BEGIN Data listing

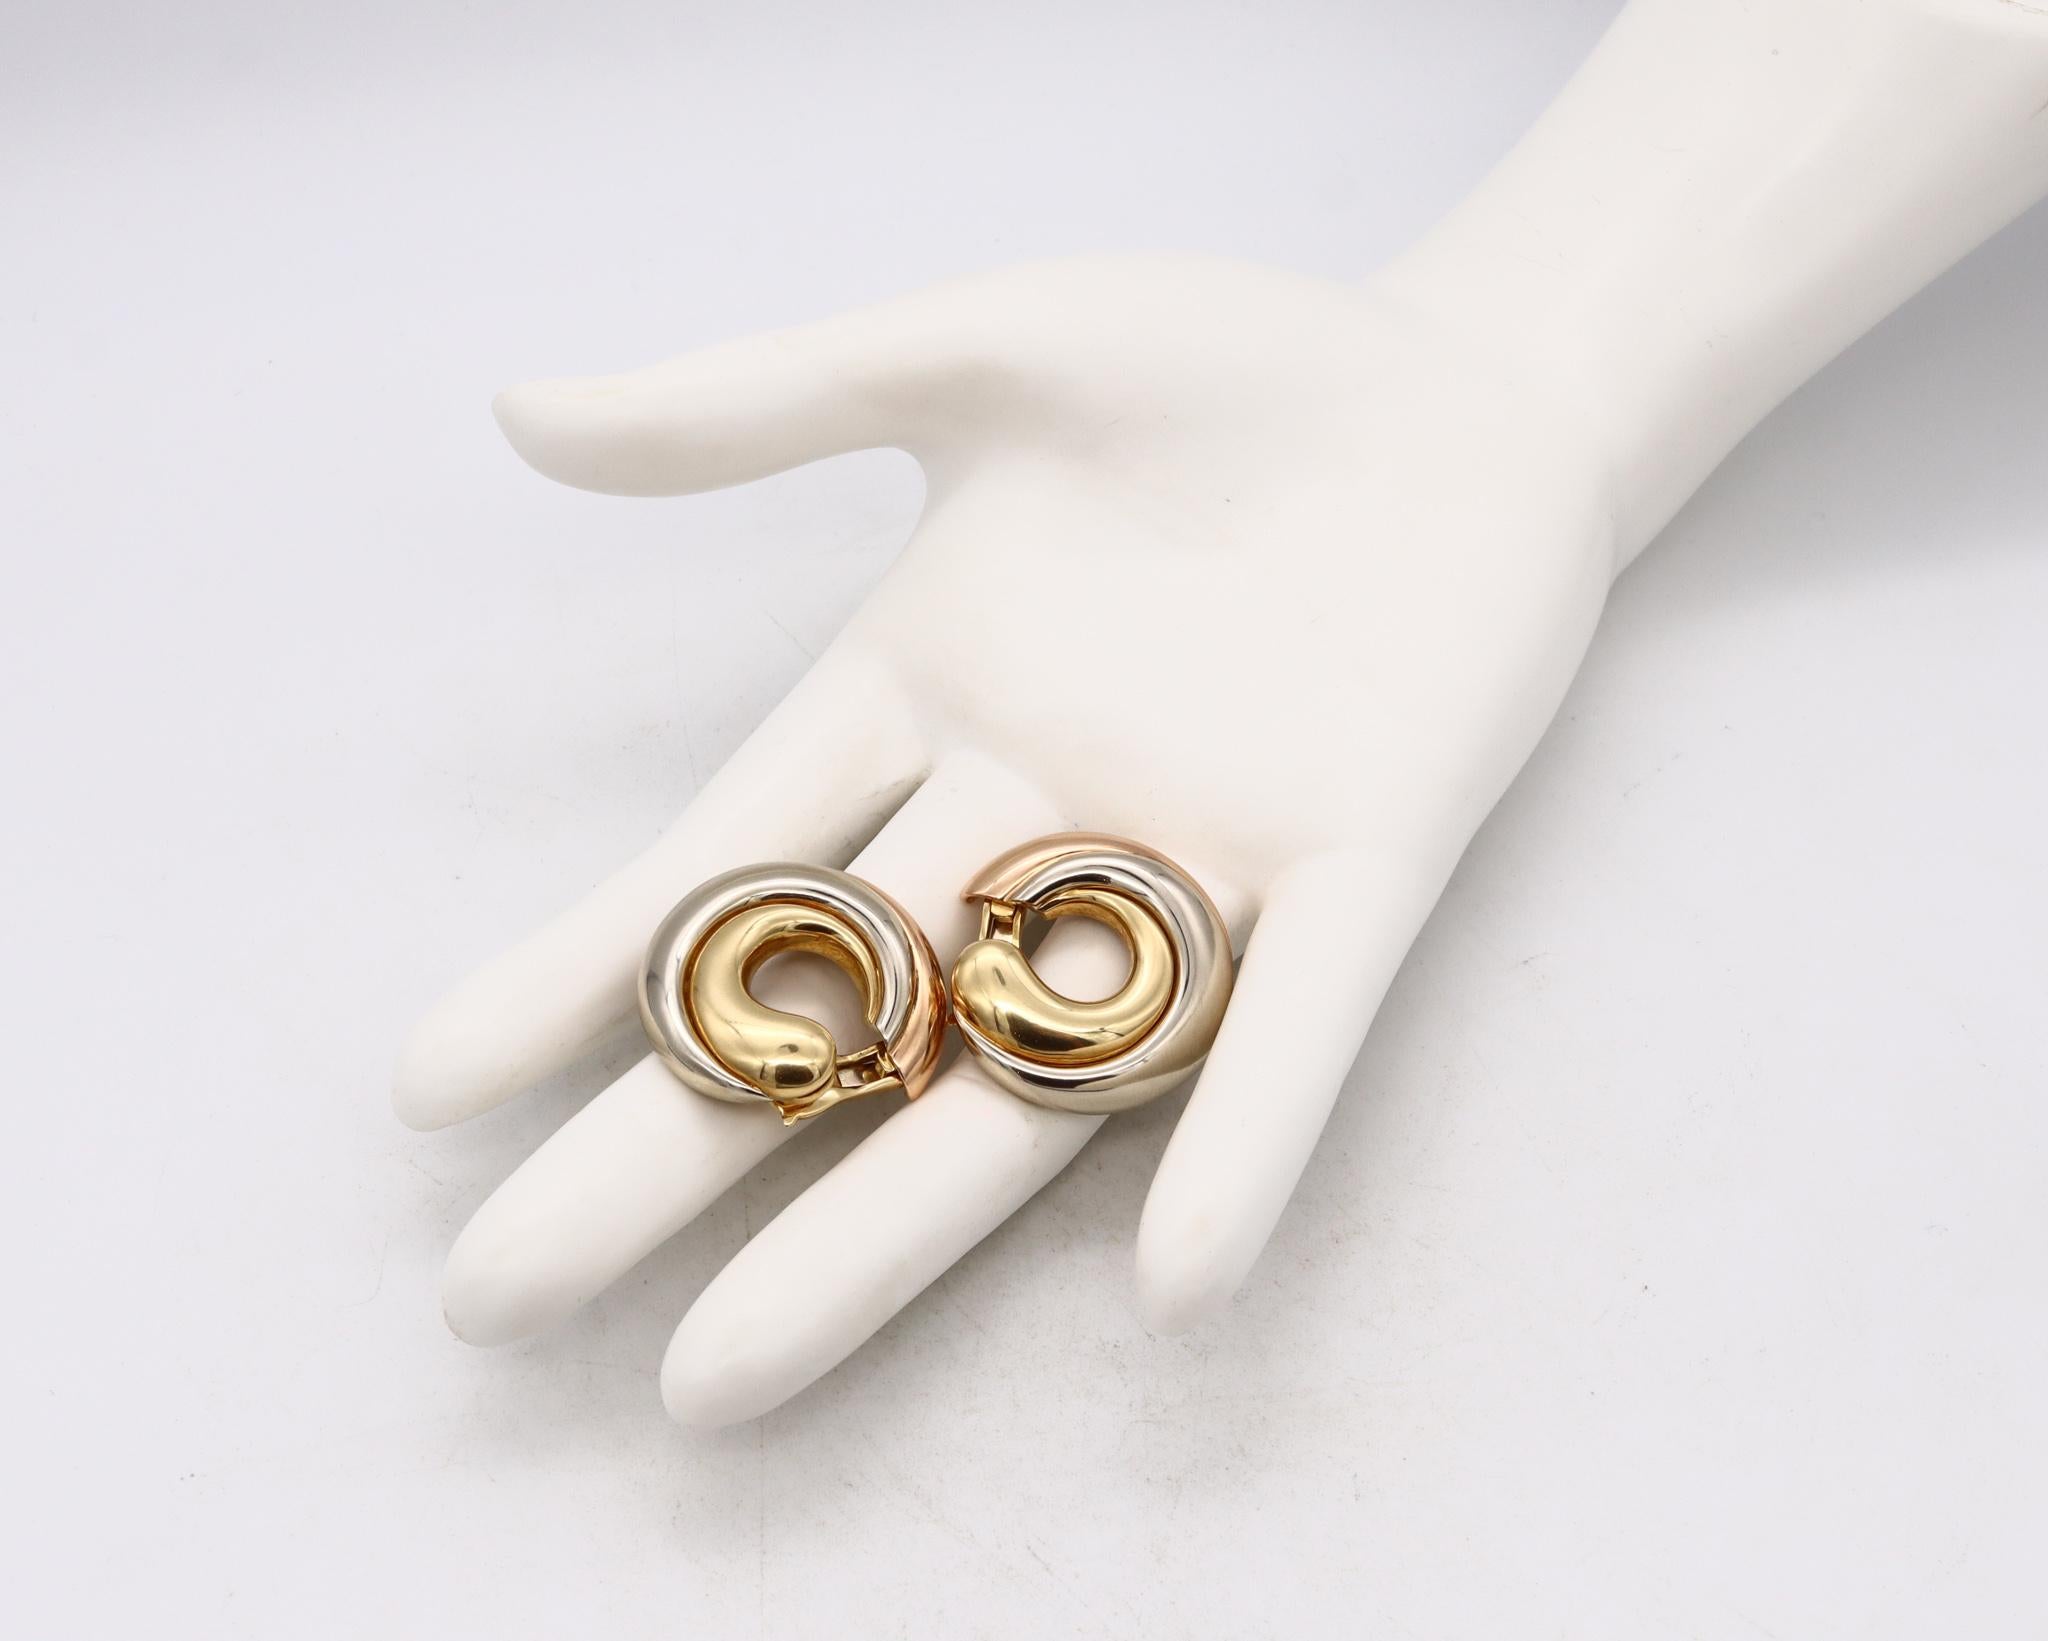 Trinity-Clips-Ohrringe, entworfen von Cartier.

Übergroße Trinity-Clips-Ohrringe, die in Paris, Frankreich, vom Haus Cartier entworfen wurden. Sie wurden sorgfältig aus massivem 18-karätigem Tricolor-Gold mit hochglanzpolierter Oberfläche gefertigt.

END Data listing
BEGIN Data listing

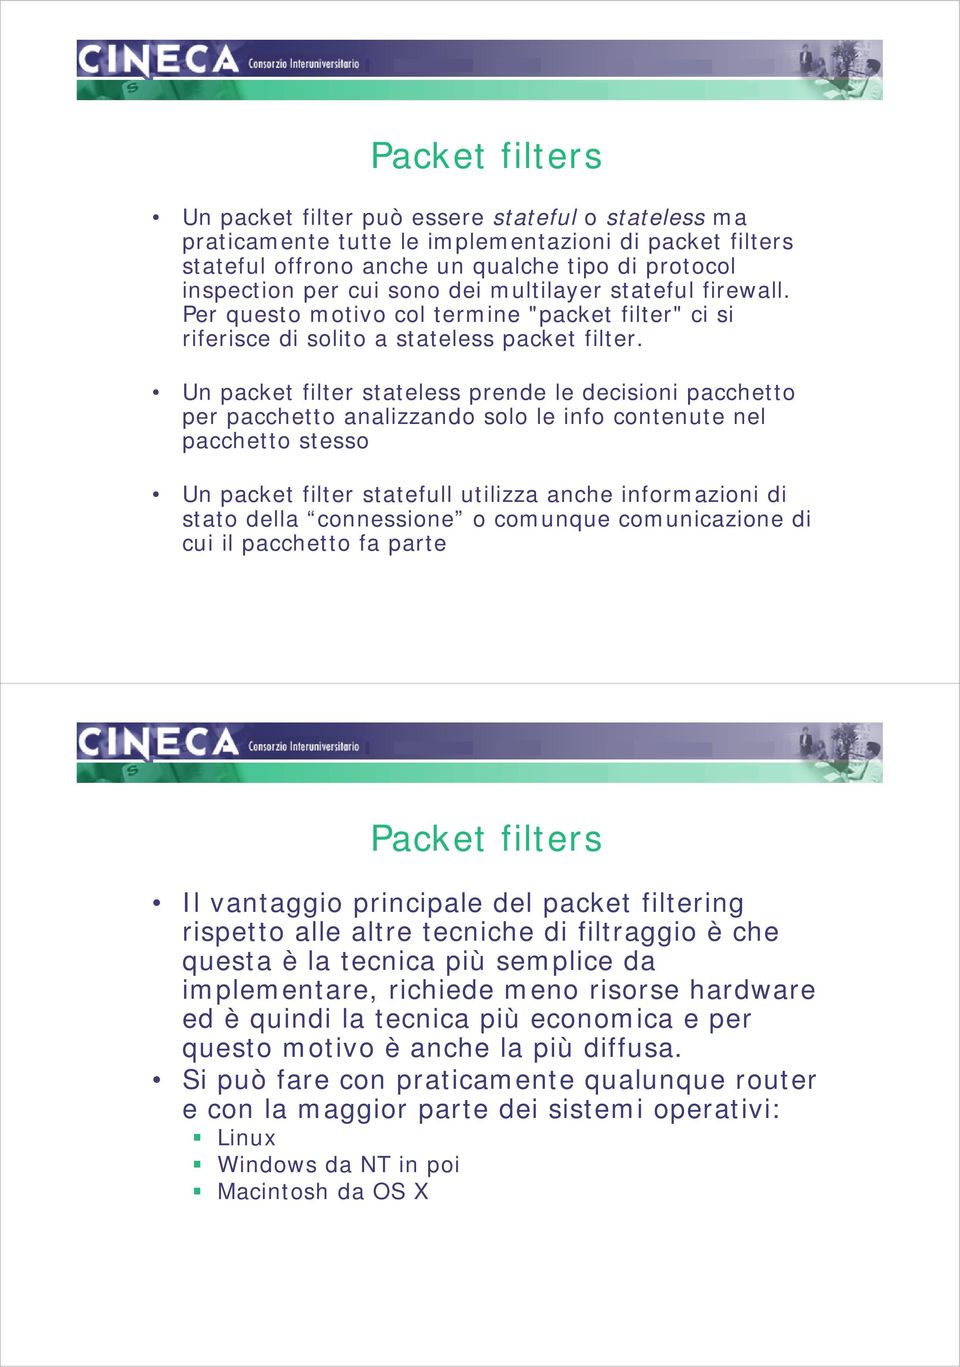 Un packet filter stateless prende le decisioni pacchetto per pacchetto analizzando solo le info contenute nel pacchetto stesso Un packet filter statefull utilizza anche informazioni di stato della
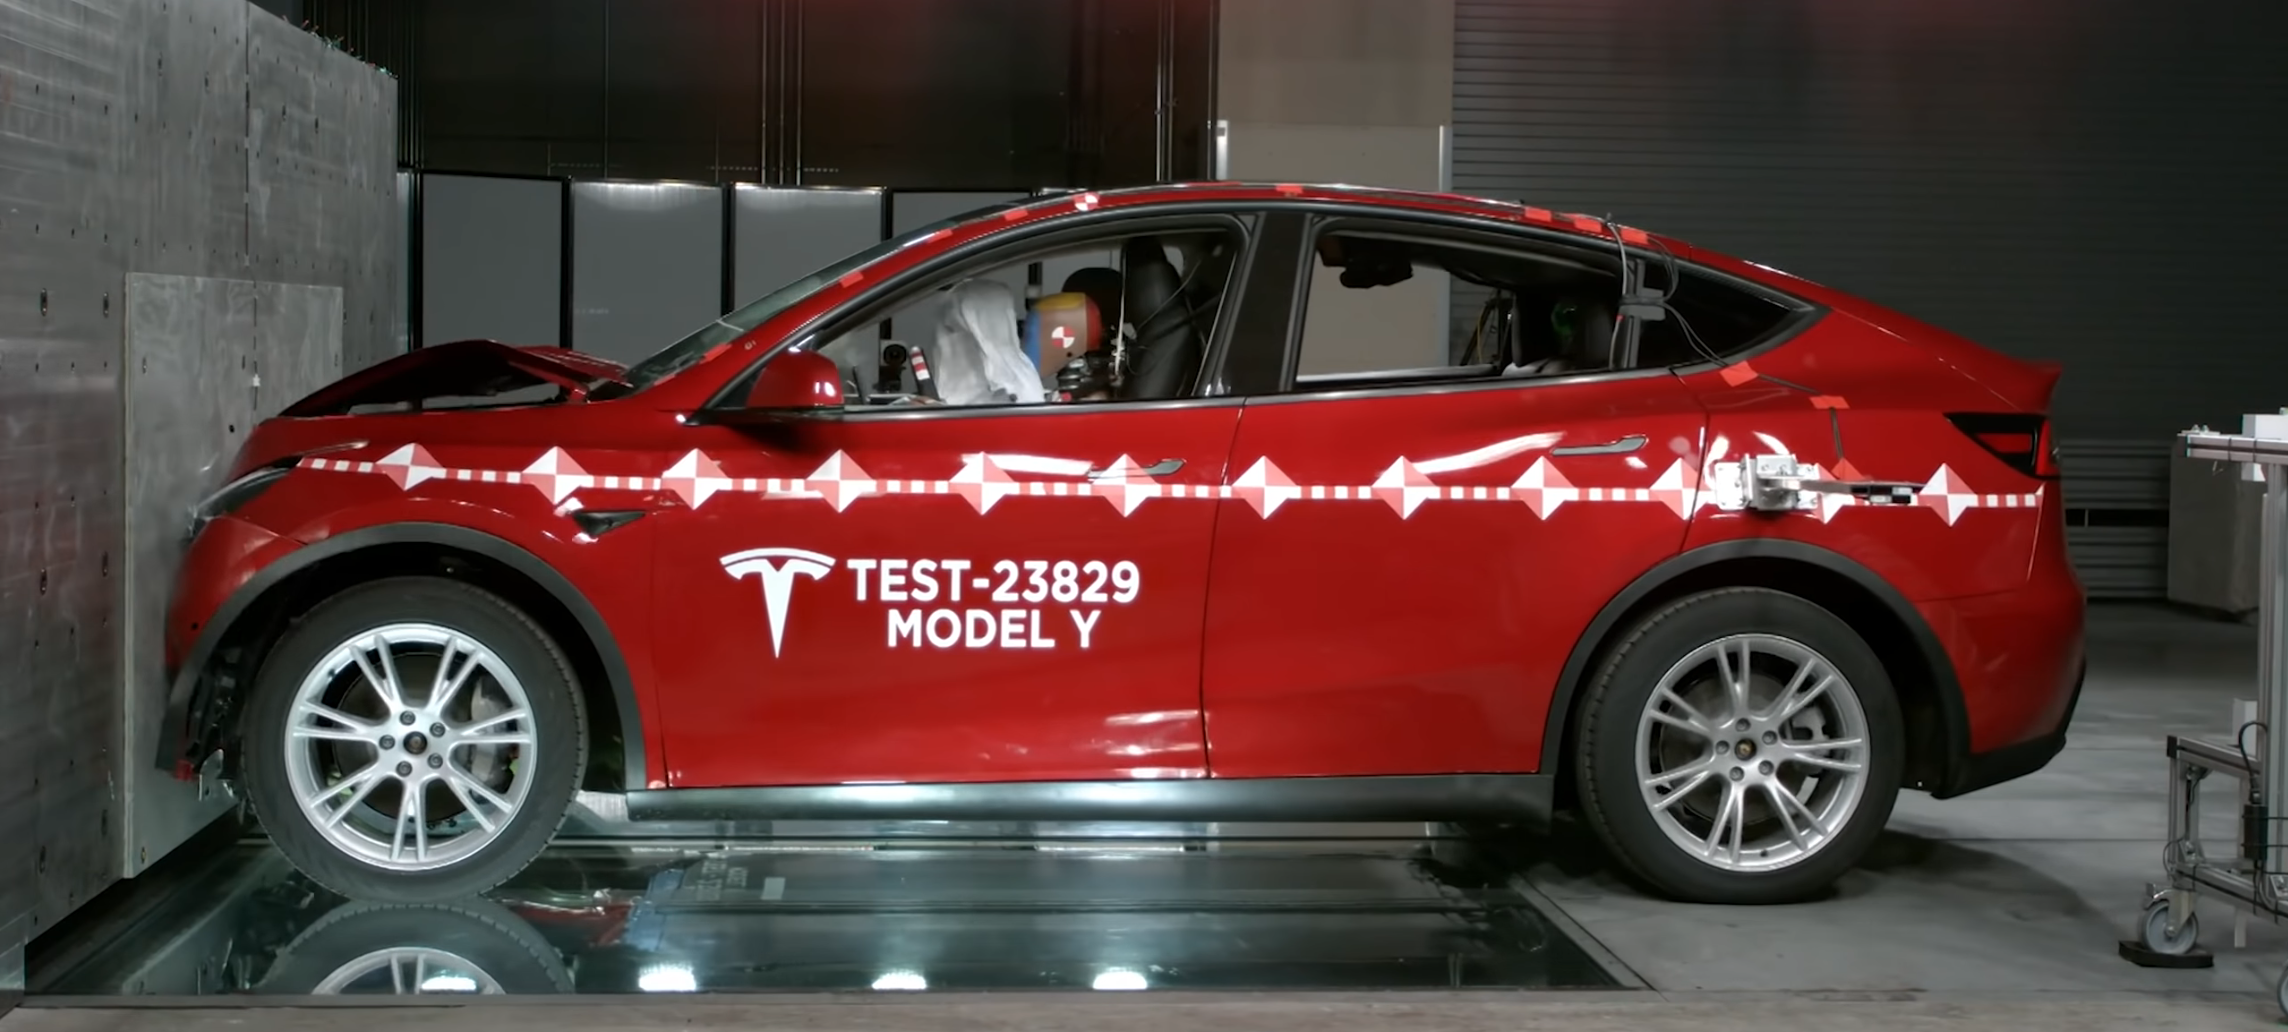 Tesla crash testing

END Data listing
BEGIN Data listing

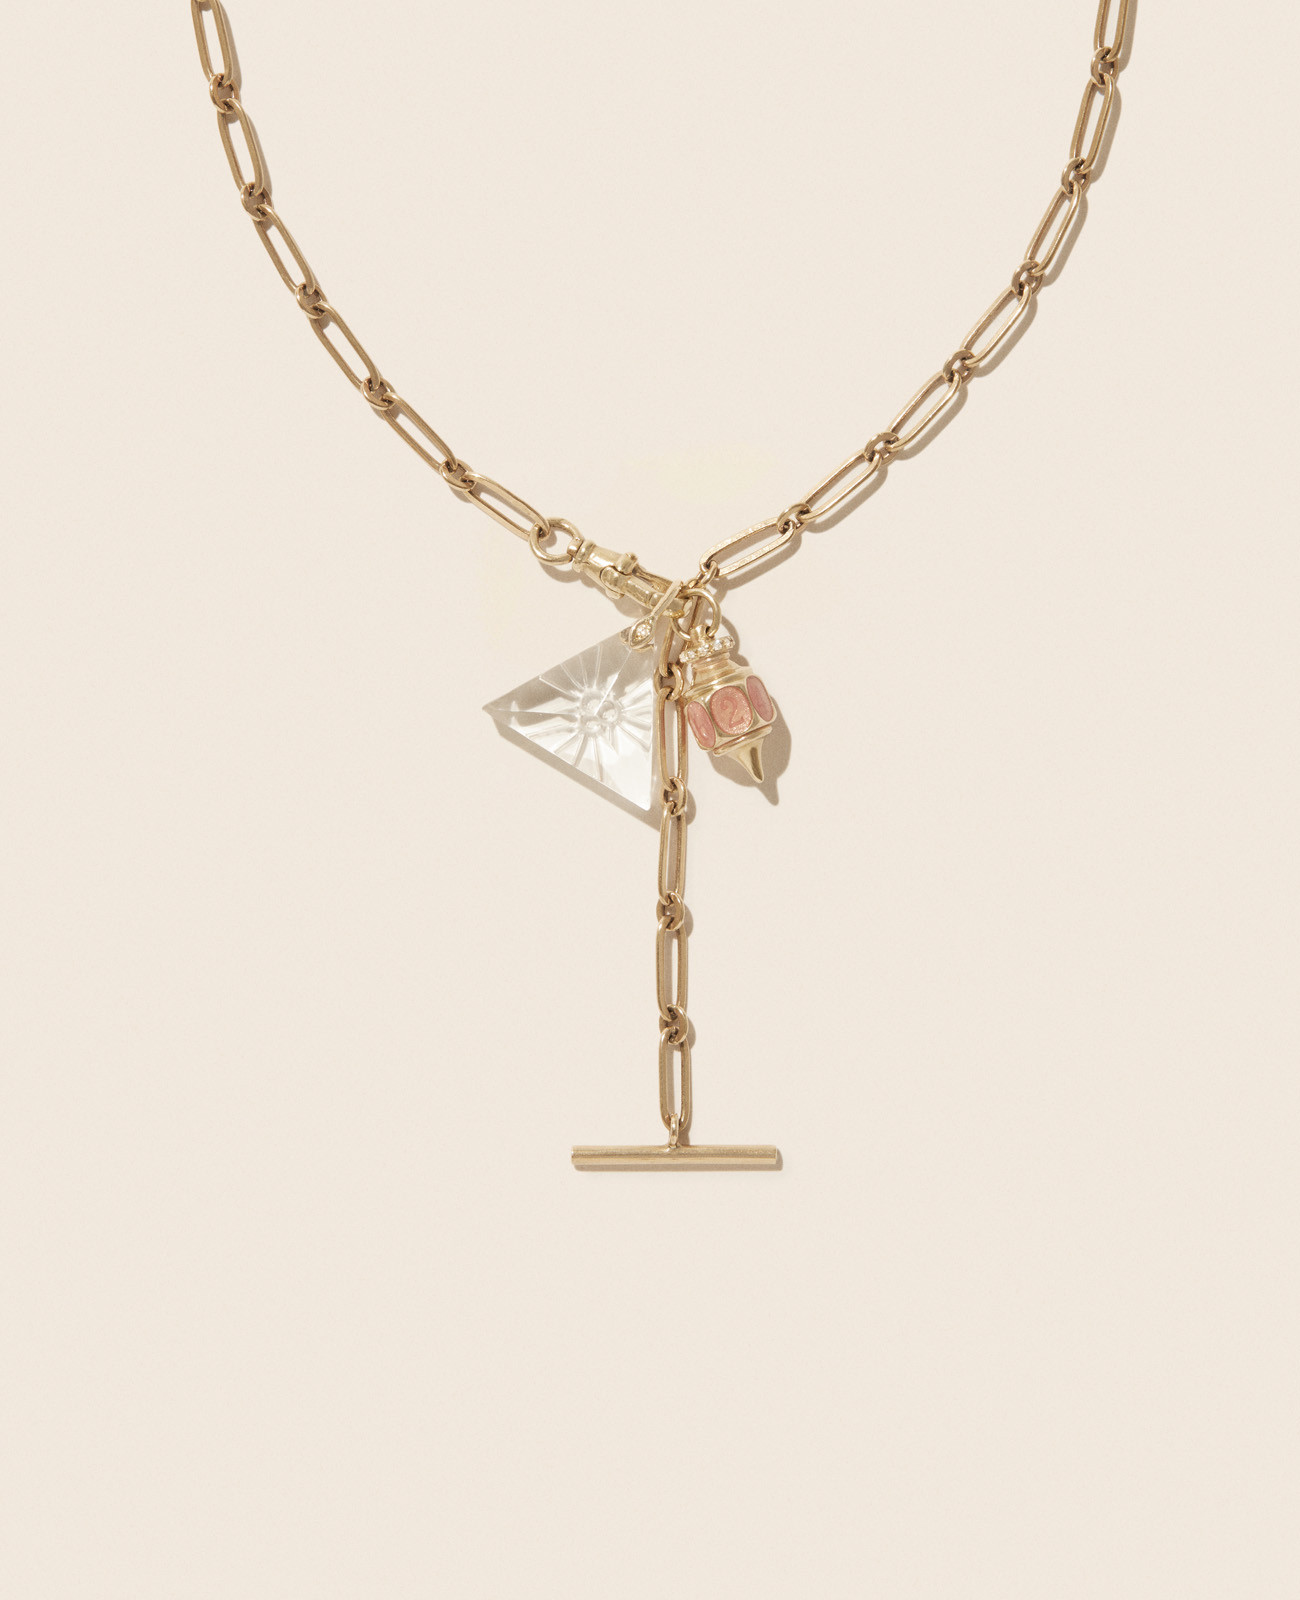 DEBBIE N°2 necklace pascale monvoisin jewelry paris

END Data listing

**Assignment**
For this exercise, reproduce exactly the lines of the records above from the one with "Trinity-Clips-Ohrringe, entworfen von" up to and including the one with "Übergroße Trinity-Clips-Ohrringe, die", without pictures.

**The answer**
 Trinity-Clips-Ohrringe, entworfen von Cartier.

Übergroße Trinity-Clips-Ohrringe, die in Paris, Frankreich, vom Haus Cartier entworfen wurden. Sie wurden sorgfältig aus massivem 18-karätigem Tricolor-Gold mit hochglanzpolierter Oberfläche gefertigt.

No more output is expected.